Tiga hari kemudian, Gubernur Sumatra, Teuku M. Hasan beserta asistennya, Xarim M.S yang merupakan eks Digulis, mencopot Residen Aceh Teuku Nyak Arif dan Bupati Pidie Teuku Cut Hasan dari jabatannya karena dianggap tidak dapat menjaga keamanan.
Pasca Perang
Pada 10 Desember 1945, Teuku Daud Cumbok mengundang seluruh uleebalang dari tiga daerah di Pidie untuk melakukan pertemuan di rumah Teuku Laksamana Umar. Mereka sepakat untuk membentuk laskar baru yang lebih terstruktur dengan nama Barisan Penjaga Keamanan (BPK). Laskar ini terdiri dari Barisan Cap Bintang, Cap Soeh, dan Cap Tombak dengan markas yang berpusat di Lam Meulo.
Mengutip kembali T. Hajriansyach (2019), pada 16 Desember 1945, laskar BPK memulai aksinya dengan menembaki kampung-kampung di sekitar Lueng Putu dan Metareum yang merupakan tempat pemusatan pasukan PRI. Selain itu, mereka membakar Sekolah Agama dan kantor kehakiman.
Untuk meredam pergerakan BPK, pemerintah membentuk Markas Besar Rakyat Umum (MBRU). Pasukan ini segera mengepung markas BPK di Lam Meulo pada 25 Desember 1945.
Sebaliknya, BPK melancarkan serangan besar-besaran terhadap pusat PRI di Metareum. Pemerintah Daerah Aceh menuntut BPK untuk menyerahkan seluruh senjatanya sebelum tanggal 10 Januari 1946. Merasa merugikan, Teuku Daud Cumbok mengabaikan ultimatum tersebut.
Pada 16 Januari 1946, Teuku Daud Cumbok akhirnya ditangkap di kakiGunung Seulawah dan dieksekusi di Sanggeu, kabupaten Pidie. Penangkapan tersebut menjadi tanda berakhirnya Perang Cumbok.

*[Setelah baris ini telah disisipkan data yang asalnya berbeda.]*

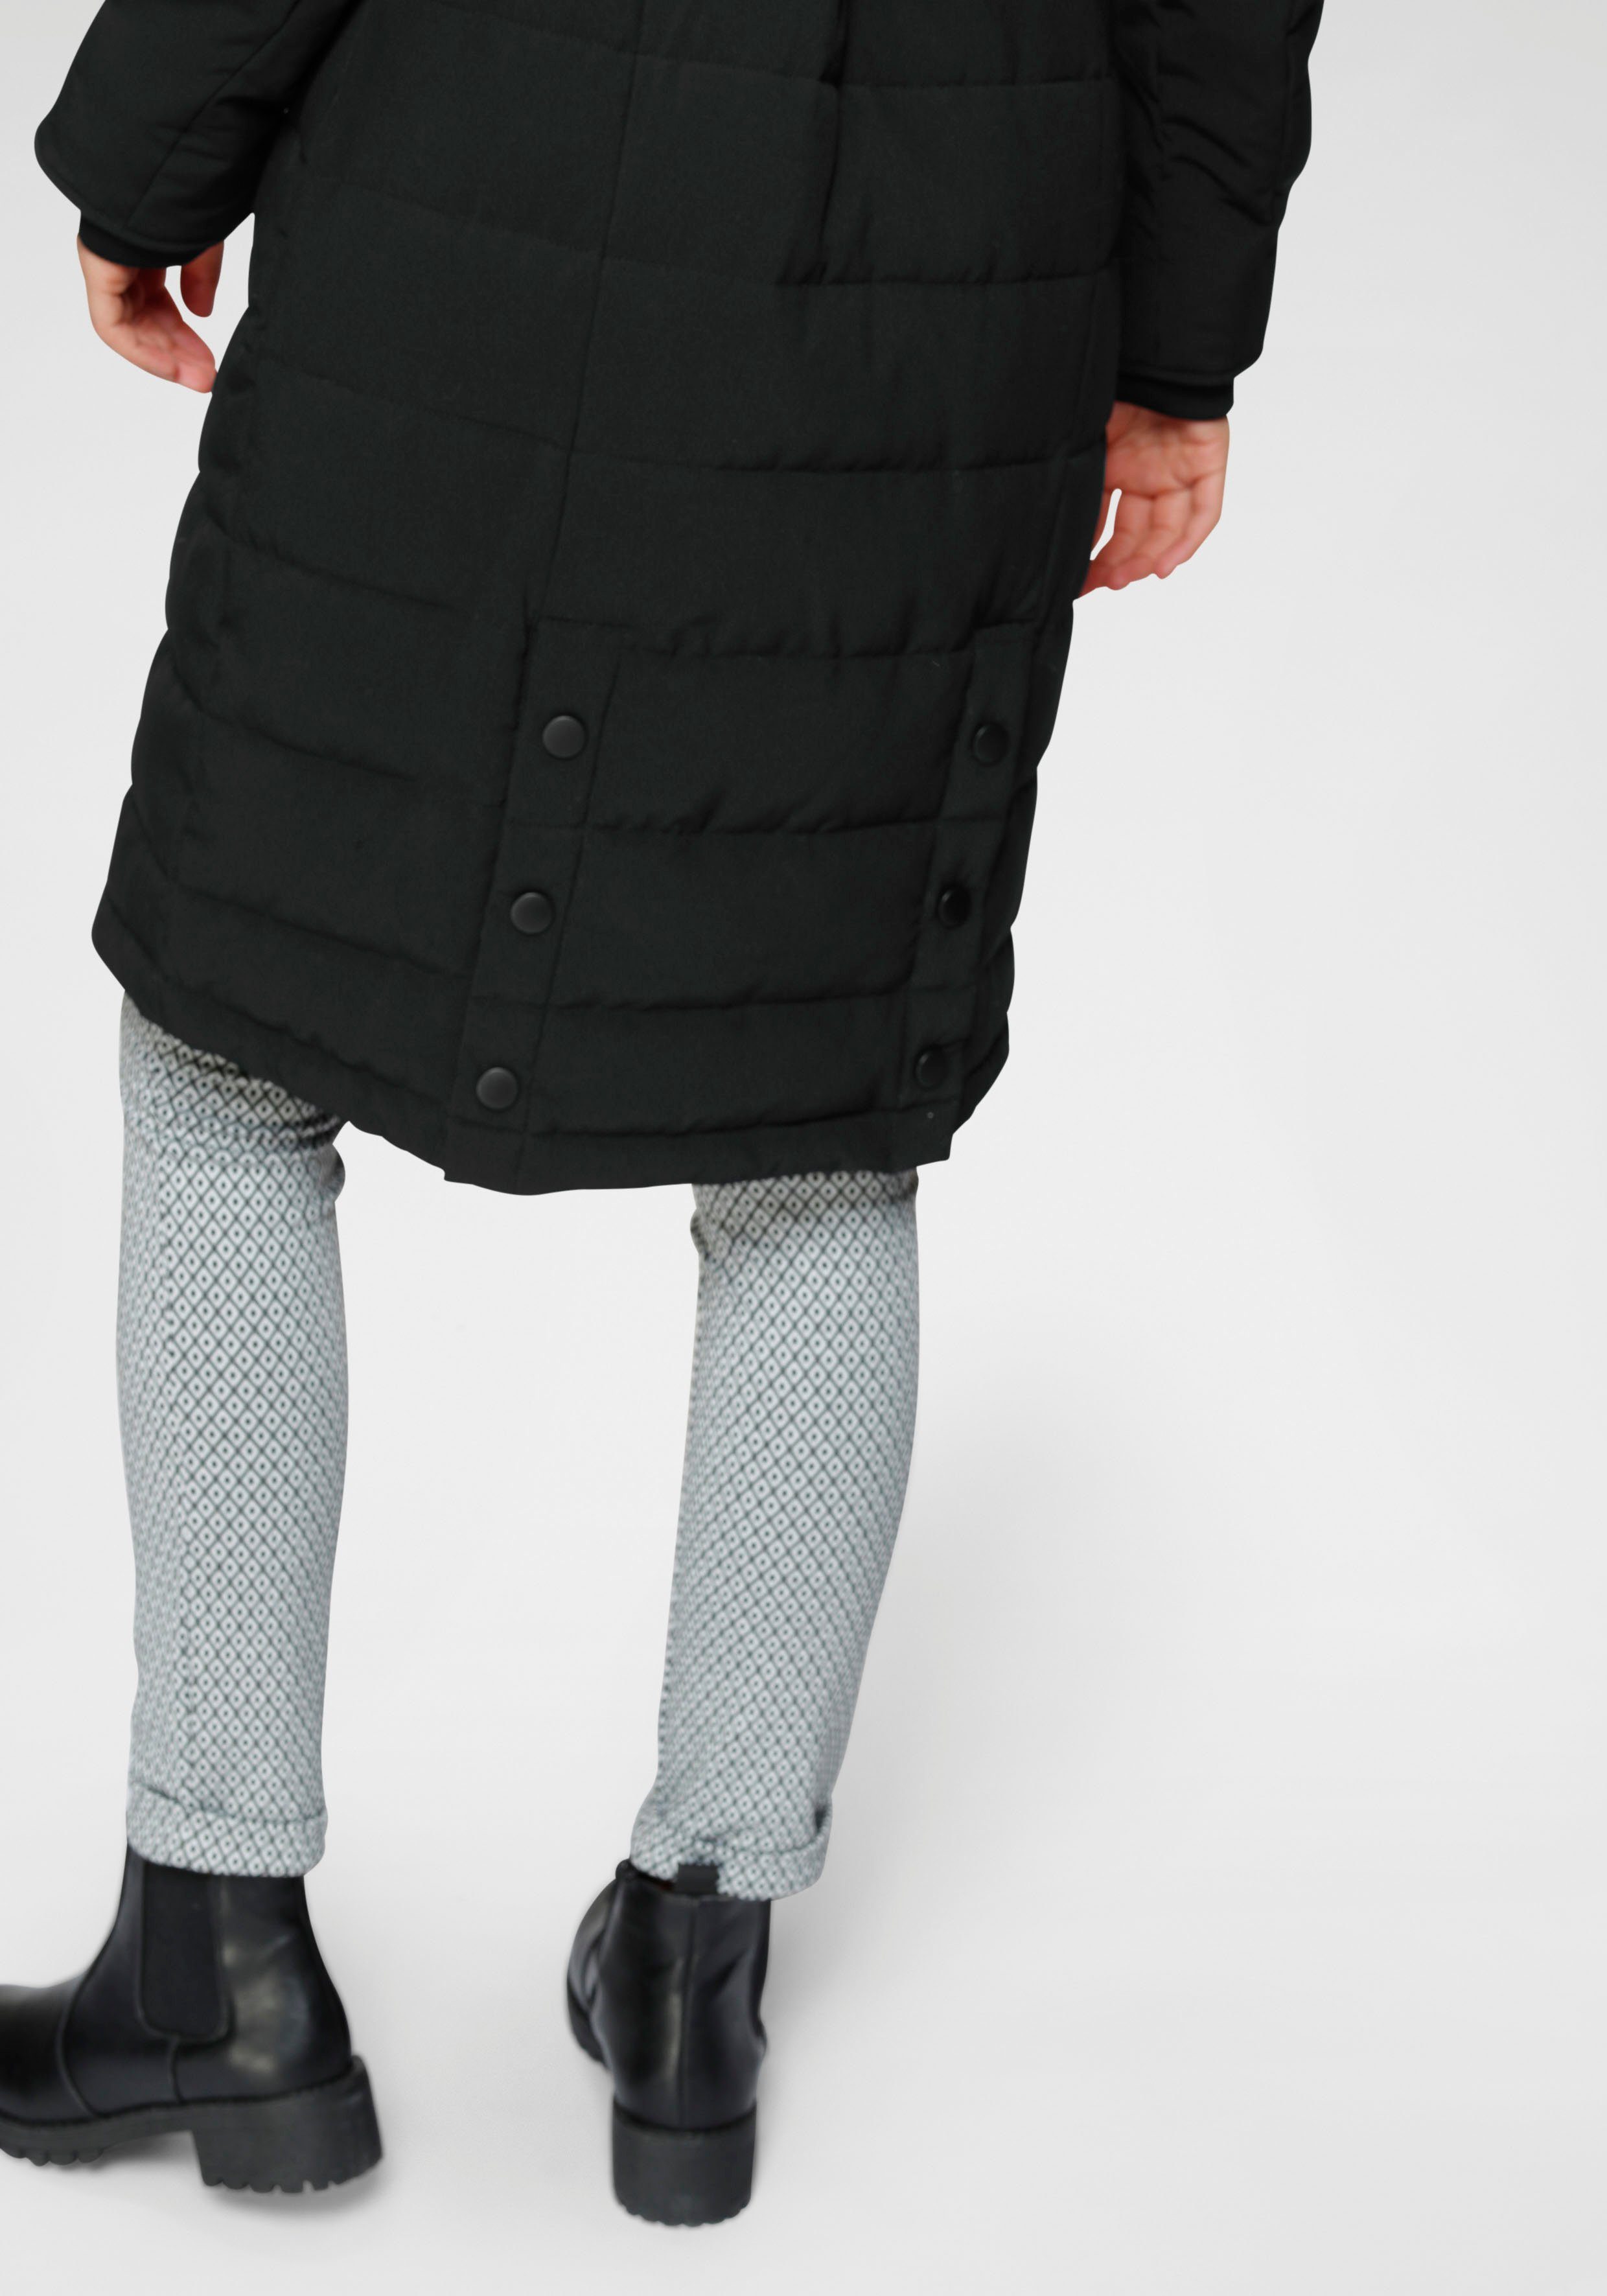 ALPENBLITZ Steppmantel Markenprägung nachhaltigem Kuschel-Kapuze aus long abnehmbarer Gürtel Mantel mit Material) Oslo (Jacke black auf & dem
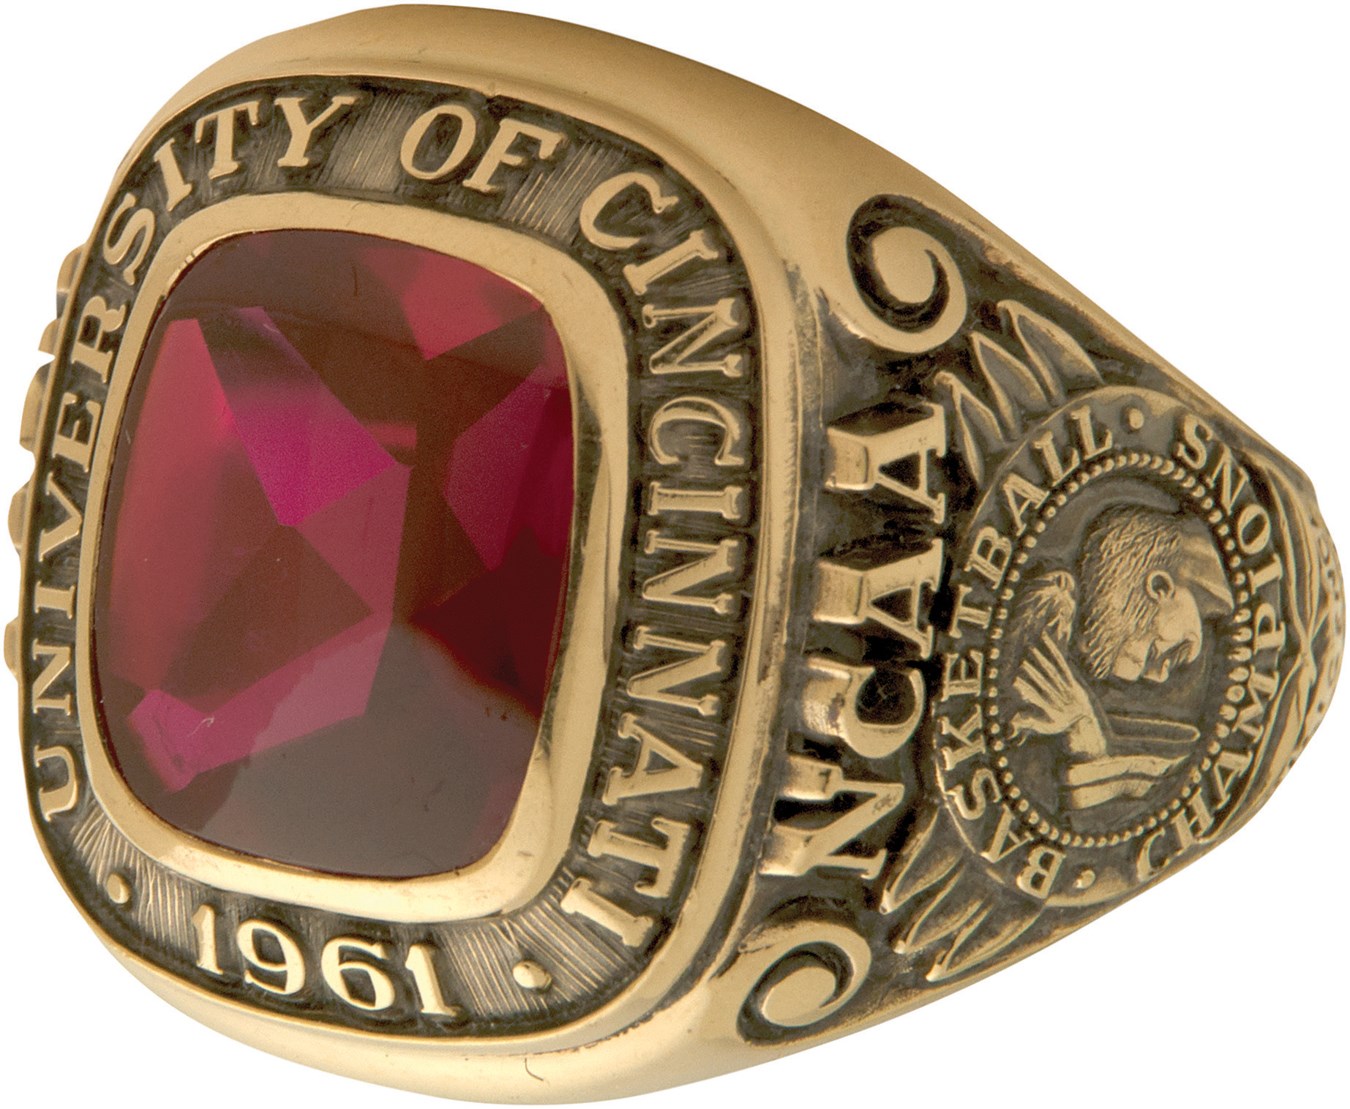 - 1961 Ed Jucker University of Cincinnati National Basketball Championship Ring
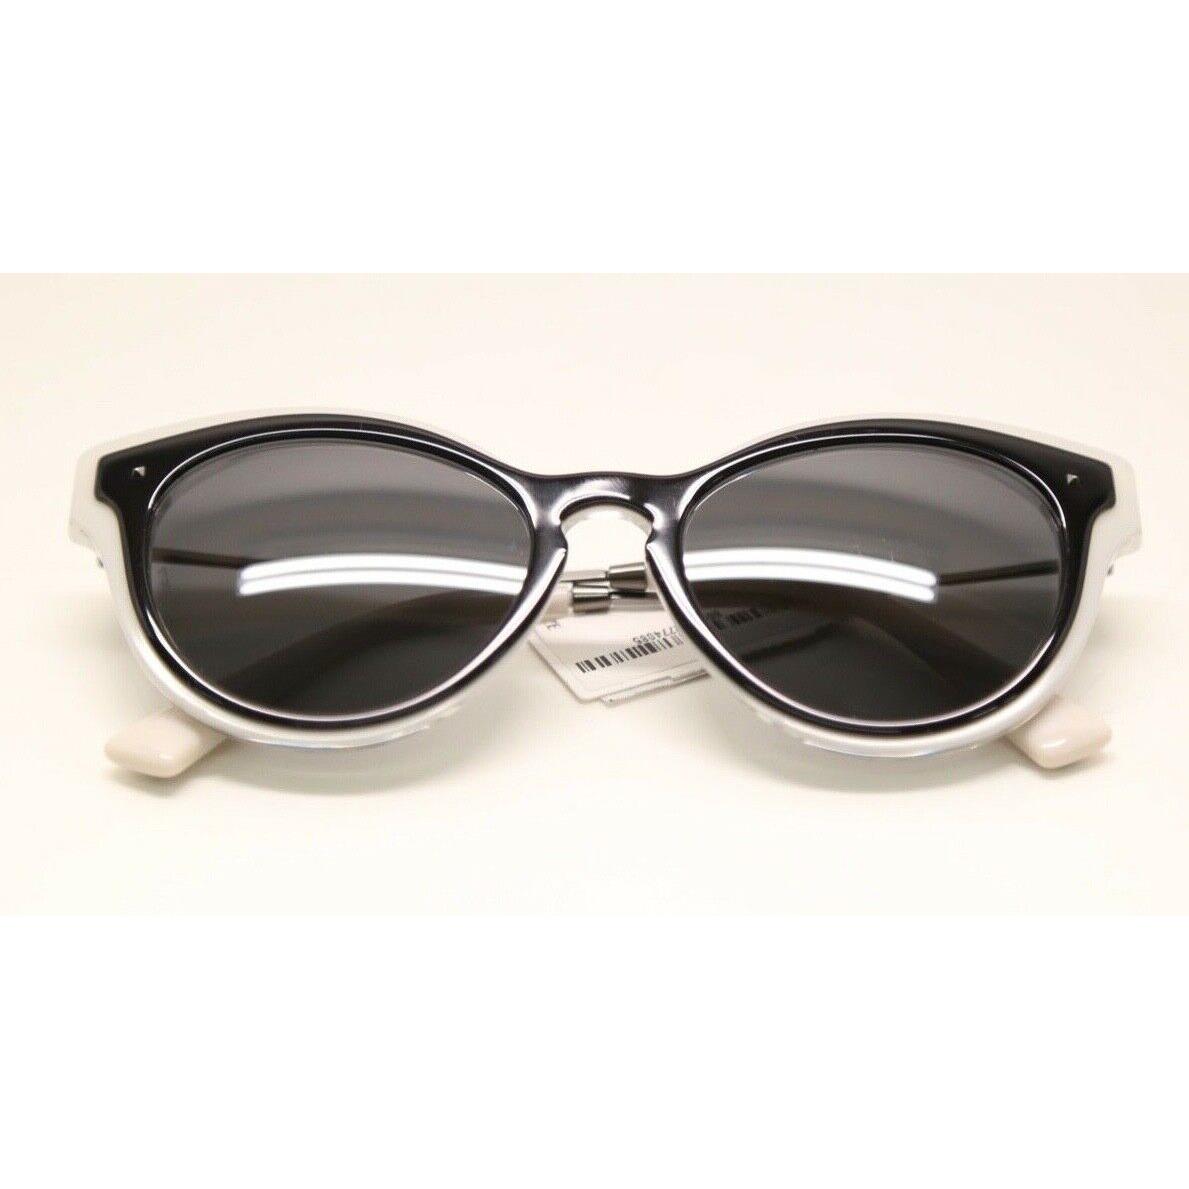 Valentino sunglasses  - Black Frame, Gray Lens 5

Meski begitu, situasi panas di Aceh tak kunjung reda. Gerakan baru muncul sebagai dampak dari Perang Cumbok, Aceh memasuki revolusi sosial, yang dikenal dengan gerakan “menghancurkan sisa-sisa uleebalang” yang berlangsung hingga 16 Maret 1946.
Meski tidak semua uleebalang menyetujui dan terlibat dalam gerakan Teuku Daud Cumbok, mereka tetap menjadi sasaran penangkapan dan amukan massa. Lebih lanjut, massa menuntut pemerintah untuk mencopot jabatan para uleebalang yang masih duduk di pemerintahan daerah dan dilakukan penahanan.
Mengutip Cut Zahrina dalam artikel “Peristiwa Cumbok”, sejak akhir 1945 hingga Maret 1946, peristiwa ini kurang lebih menimbulkan 3.000 korban jiwa.